Stop doing that. Just stop. Take pride in your bigotry. Embrace it. How do you say something like that? I know I just said it, but that is not what I think. Yeah. Why don’t you and George Allen go see the new Mel Gibson movie together? At least Andrew Young was decent enough to resign. Mr. Allen???

"It never should have been said. I was speaking in the context of Atlanta, and
that does not work in New York or Los Angeles.
"

Now, I don’t think this is how he meant it, but you can read the above as, “It is OK to be a racist SOB in Atlanta, but the damn PC, latte drinking, Jew-y blue states won’t stand for it. Why do they hate America so?”

Wednesday, August 16, 2006

Yes Virginia, I am a Racist Douche.

George Allen, douchebag, is running for office in Virginia. This class act decides that he would score some points with the audience by picking on a 20 yr. old videotaping his event. But not only is he a bully, but a racist one too. What saddens me is that I am sure this worked. He showed the good people of Virginia that he is a real (read white) Virginian. In a fair and just world, he would be done - exposed as a racist and a douche. In America, 2006, he just rallied the base. We deserve the shitty government we have. Well, at least Virginia does. The sad part is that George Allen may end up influencing something important that could affect me. That sucks. My life is now under the influence of the racist, illiterate, hillbilly, uncle-fuckers that live in Virginia. That sucks bigtime.

This is why Allen needs to lose. He needs to lose to restore my faith in America. His losing would tell me that we have not abandoned our ideals. If he wins, my soul dies a little bit more.

Tuesday, August 15, 2006

Baby, If You Ever Wondered

Wondered, whatever became of me . . .

Today, while walking to work, I see on the back of a bus, an ad for a radio station, KPIG. This reminded me of one of two WKRP episodes I remember. There was the turkeys and then this one (#21).

So, Dr. Johnny Fever and Venus Flytrap are on the air, doing a thing on drunk driving. There is a cop there, getting them drunk and then testing their reaction times. After 10-12 drinks, Venus is falling all over the place, but Johnny is not drunk at all. Johnny then goes to the can, where he sees the WPIG mascot (man in pig suit), repainting their wall. He comes back to the studio, admits that he is drunk, and then does even better on the reaction times test.

File this under things you could never do today.

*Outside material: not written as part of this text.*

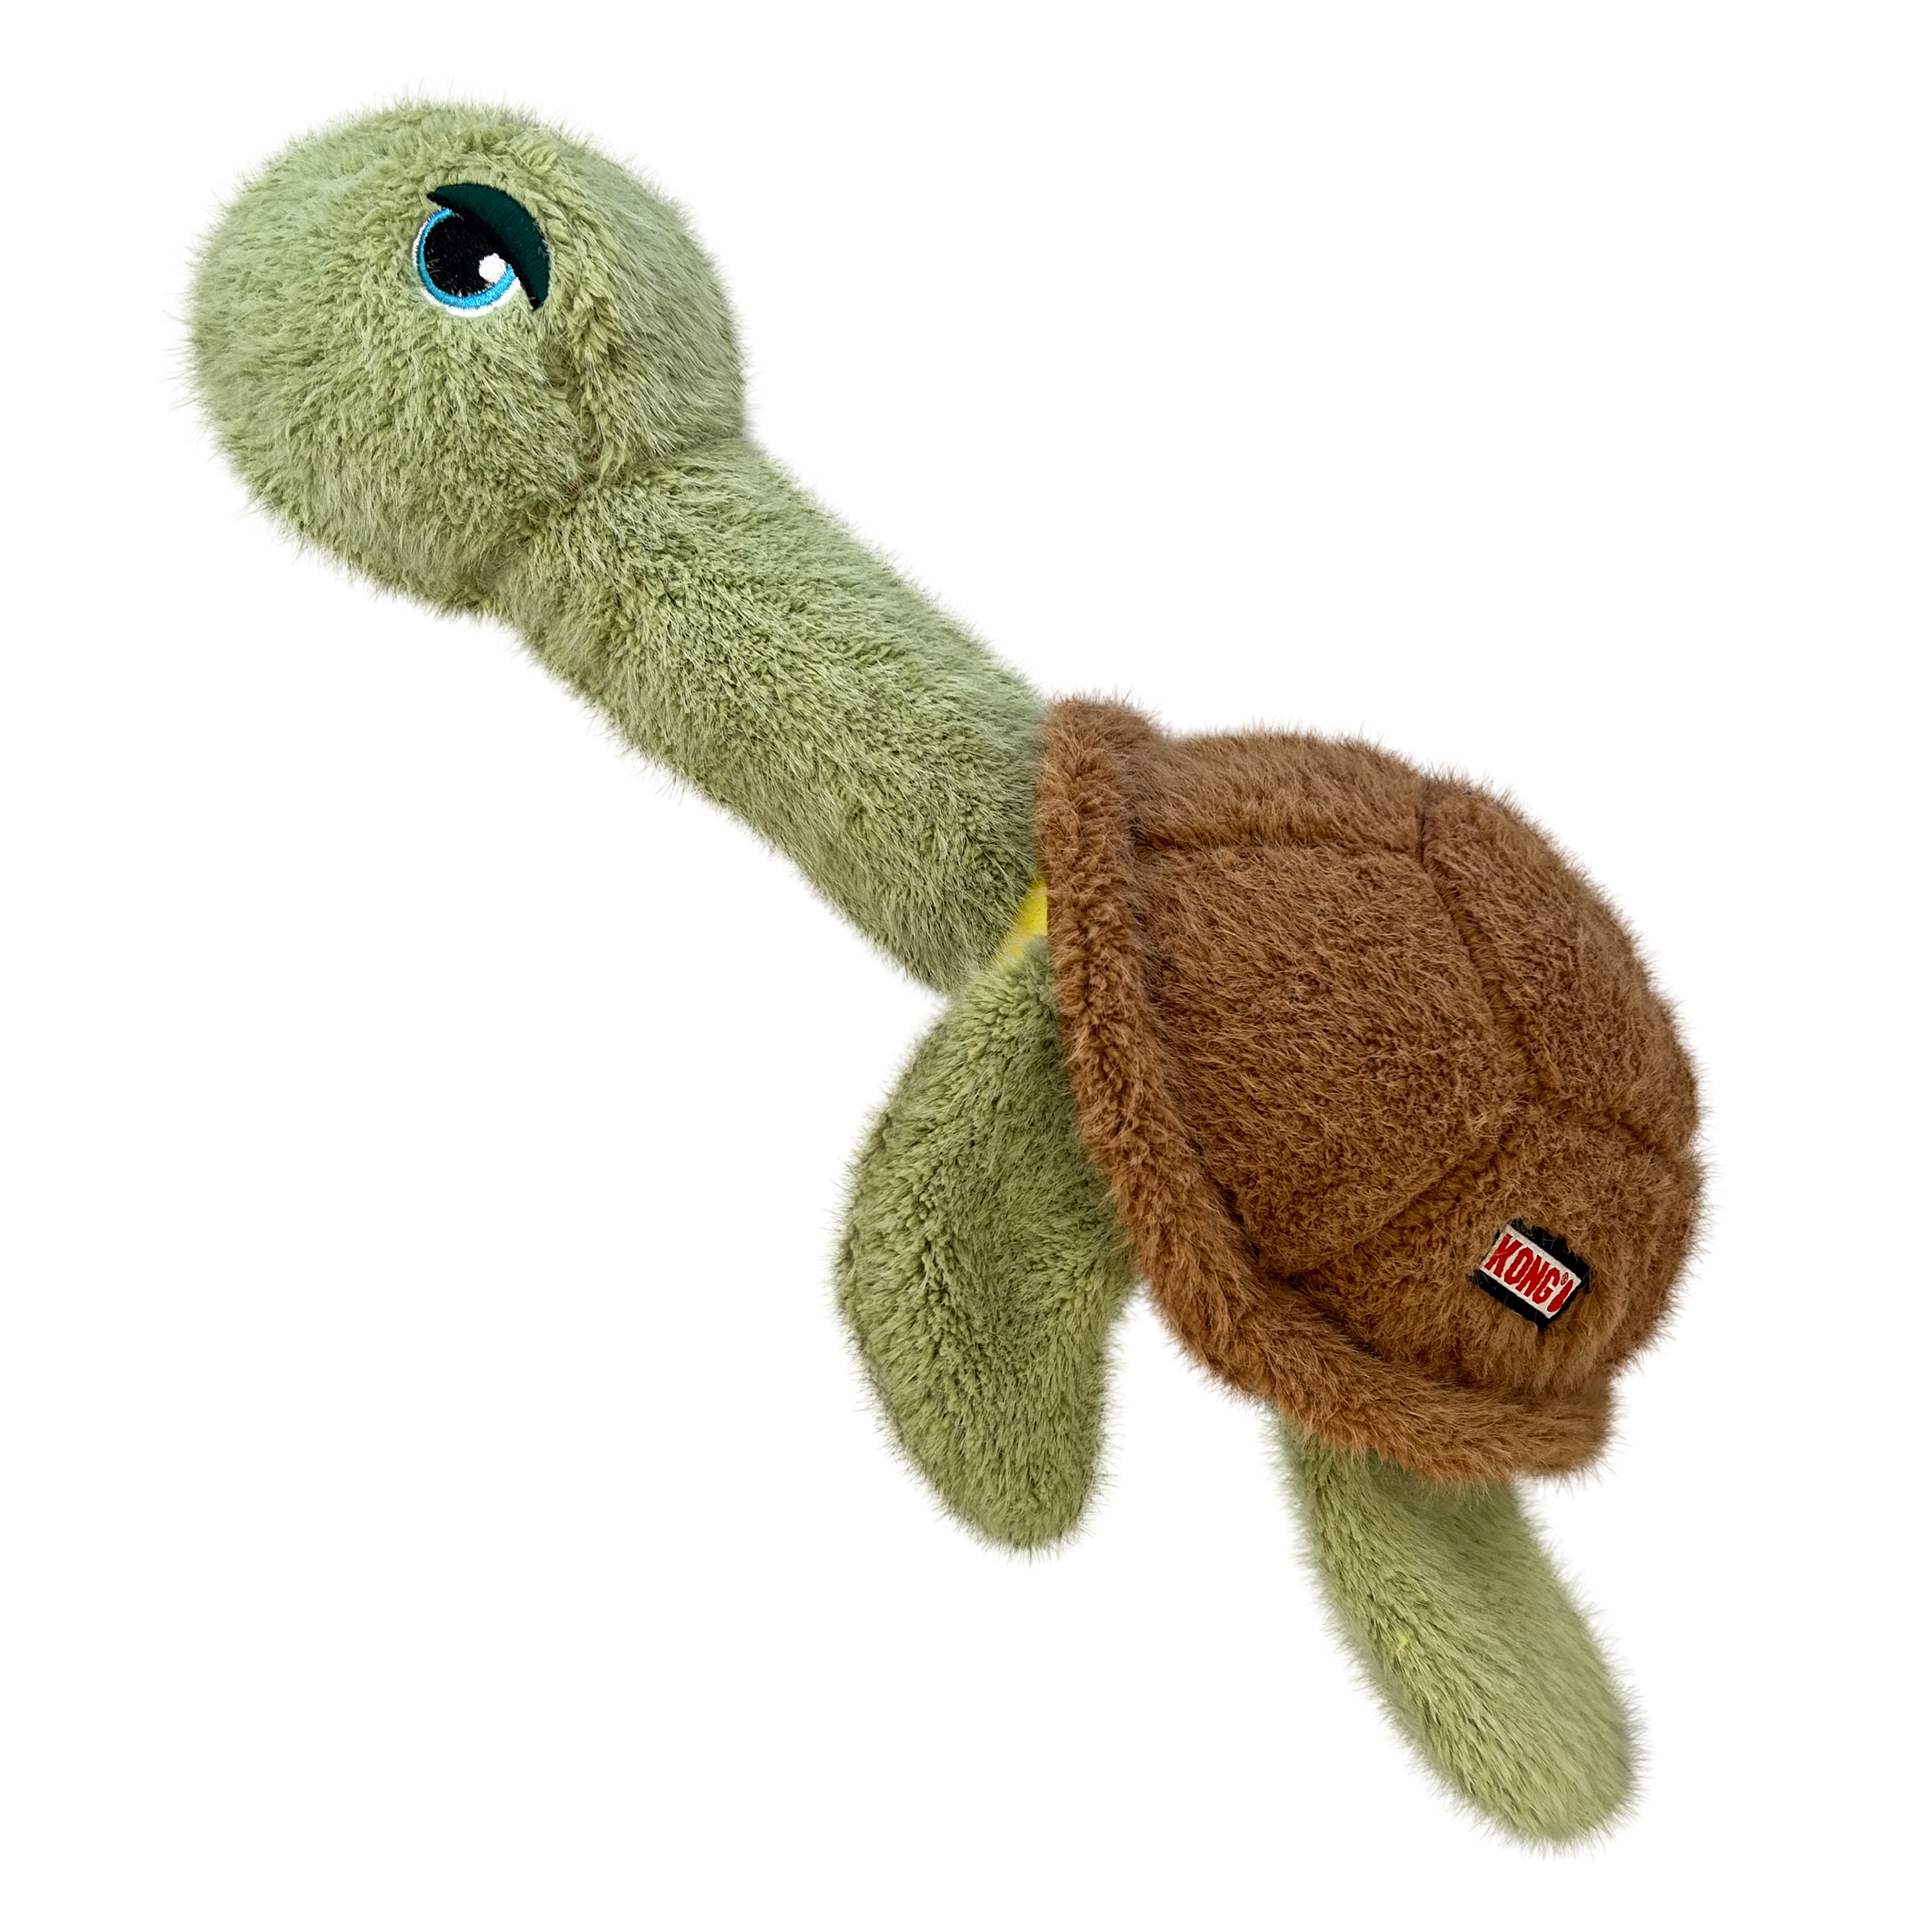 Scruffs Turtle lifestyle product image

In other news, we welcome CMM to the family. She will be known as the Oboe of Justice. This makes 4 of us in our merry band: Tuba on Fire, Smoldering French Horn, Bassoon of Hope and the Oboe of Justice.

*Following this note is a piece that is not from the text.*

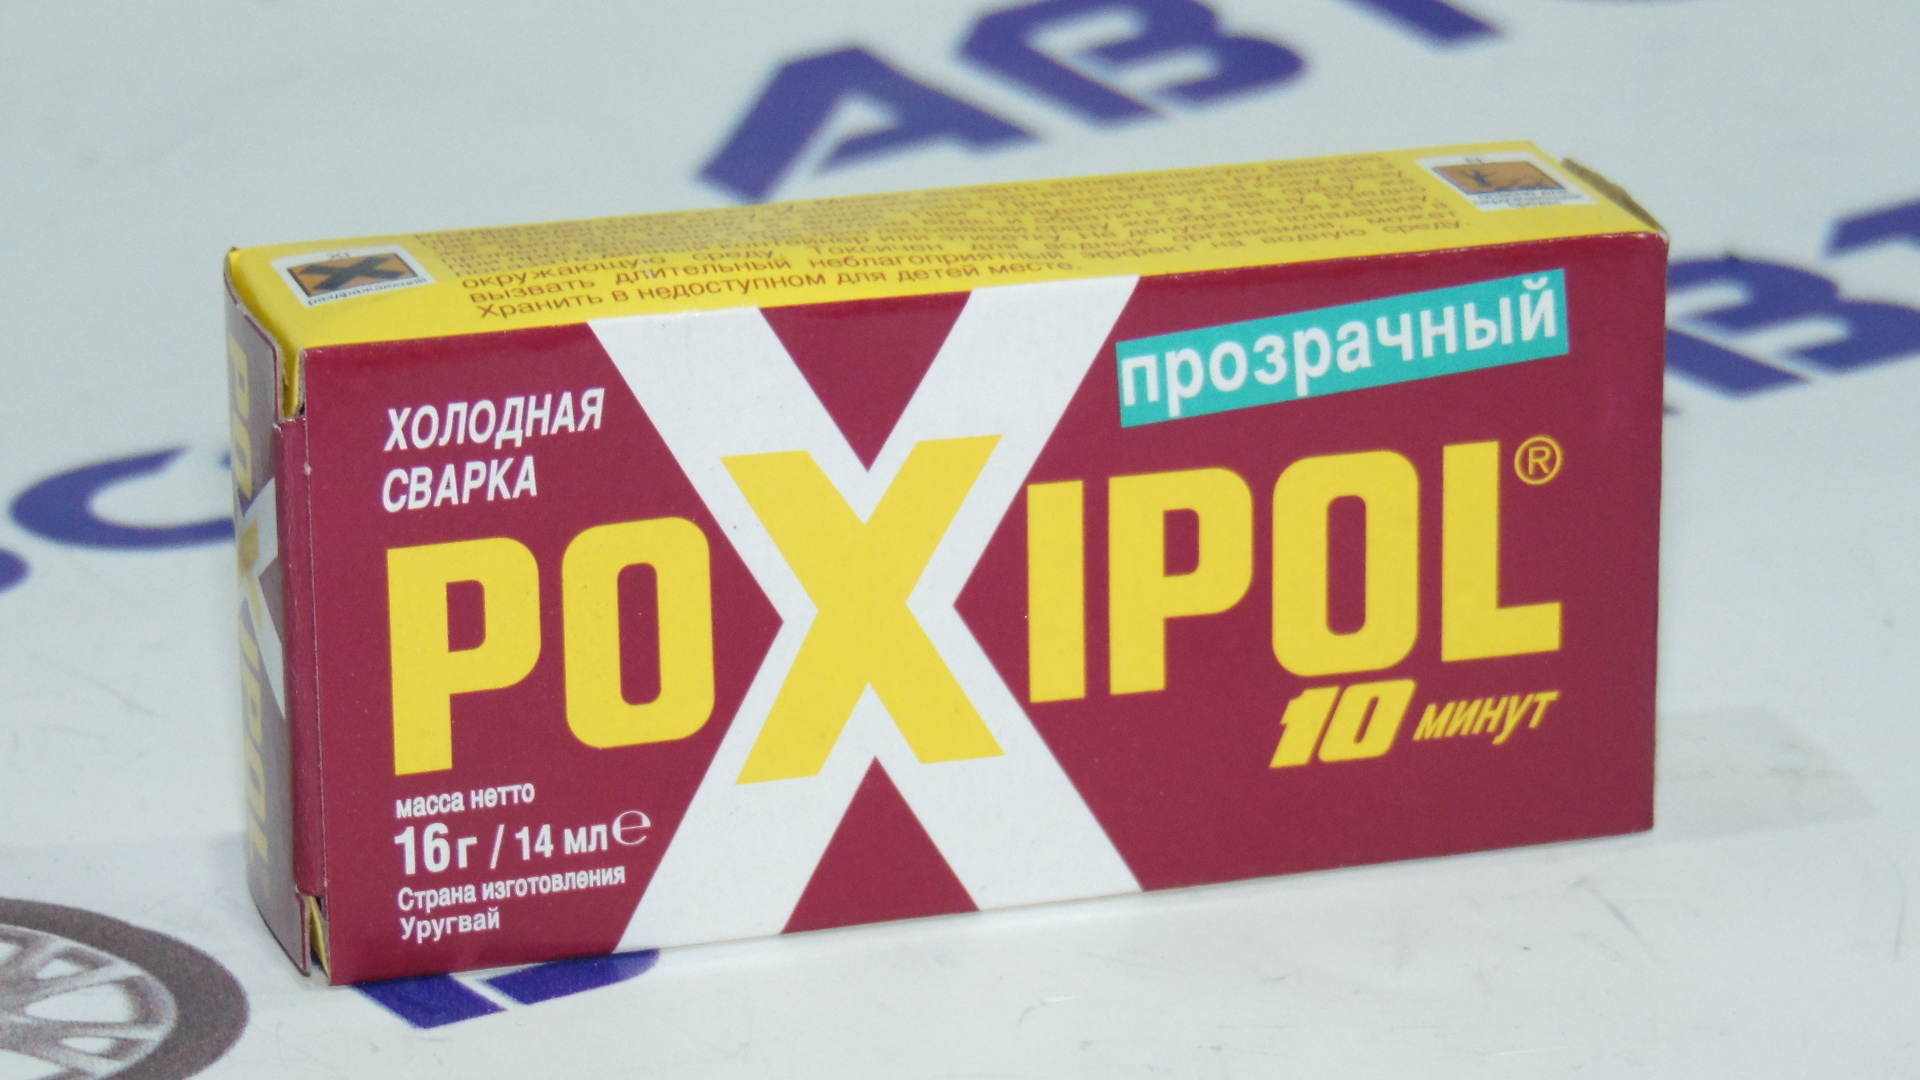 Эпоксидная сварка 16гр 10min (прозрачный)( КАРТОН POXIPOL

OK, somehow the above reminded me of the worst experience I have ever had in a car. This includes 2 auto accidents, numerous tickets and driving accross Nevada with no AC. I am in the casual carpool in the back seat. NPR is on. They are talking about some fund raising dinner for Tom Delay. Then, they are all singing "If I had a Hammer." For whatever reason, NPR does not cut away or fade out for like 5 minutes. I had to listen to a room full of republicans - including one woman at the mike, sing folks songs. The horror, the horror.